Did I fulfill my dream, or did I waste my time?

No, this dream is accomplished, I know, in my mind

I will have gone through and finish my treatments.

Will I be ready if I have to start again?

This time will I be cured, or have to go back in?

Can I handle the pain, and keep back the tears?

The first time was hard, in the hospital on the bed

Catching up on schoolwork after I miss 2 days, I dread.
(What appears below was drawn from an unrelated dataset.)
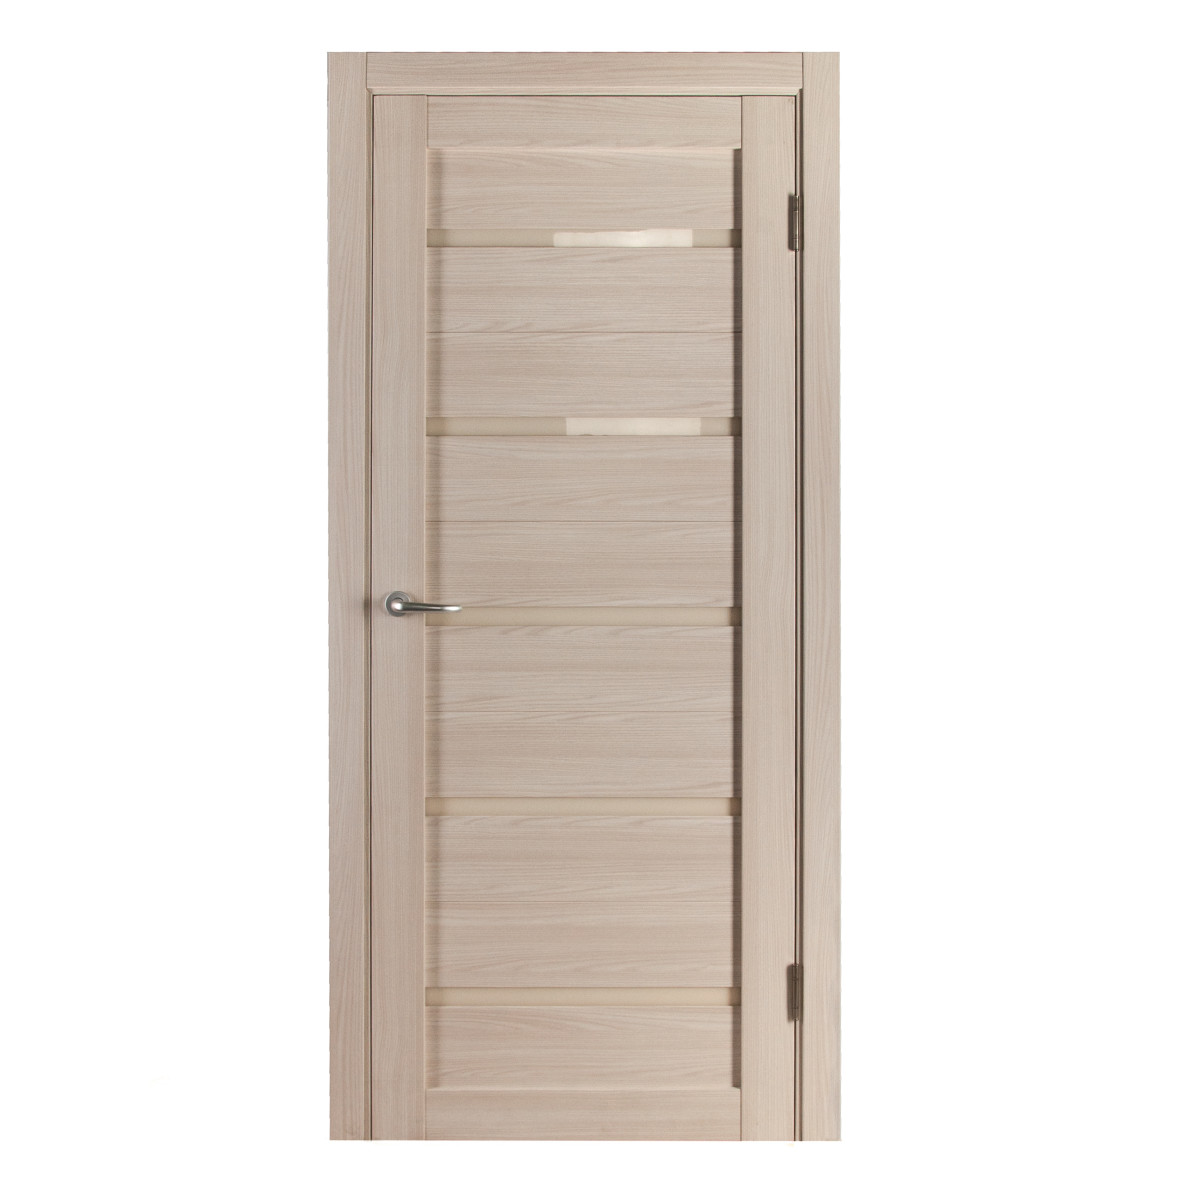 Дверь межкомнатная остеклённая с замком и петлями в комплекте Калипсо 70x200 см, Hardflex, цвет ясень бора

Will it all be worth it, in the end?

I think it will be

I am alive, and well, you see

With the help and support from my friends.

Most people send mail

My dream is fulfilled, and I am alive and well.

I like reading over this, because it opens up many thoughts that people go through when going through a trial. The uncertainty is definitely the underlying tone, not just because the poem is about a dream. The hope of life and health is a close second underlying tone. Lastly, the support shown did not get lost in the hard façade that I kept up for others to see. Those people made a huge impact in my ability to fight this disease. A trial takes on a whole new meaning when others are by our side. And a dream of health, full head of hair, good grades, sports, and a new life was at the forefront of my mind.

Dreams and hope. My life verse came to me after my husband and I were married, and trying to have children. It really sums up everything I have faced. Proverbs 13:12 says, “Hope deferred maketh the heart sick; but when the desire cometh, it is a tree of life.” Hope is very real is our lives. We hope we see family again, we hope we get a raise this year, we hope for children, for health, for safety… There are times when God says wait; let Me show you later. It makes our heart hurt when we cannot see the big picture; it gives us a heavy heart which I spoke about in the last blog post. But then after the hope is deferred for a certain amount of time, the desire comes and it is even more special because of the waiting period. Maybe it is because we know our dream will be fulfilled.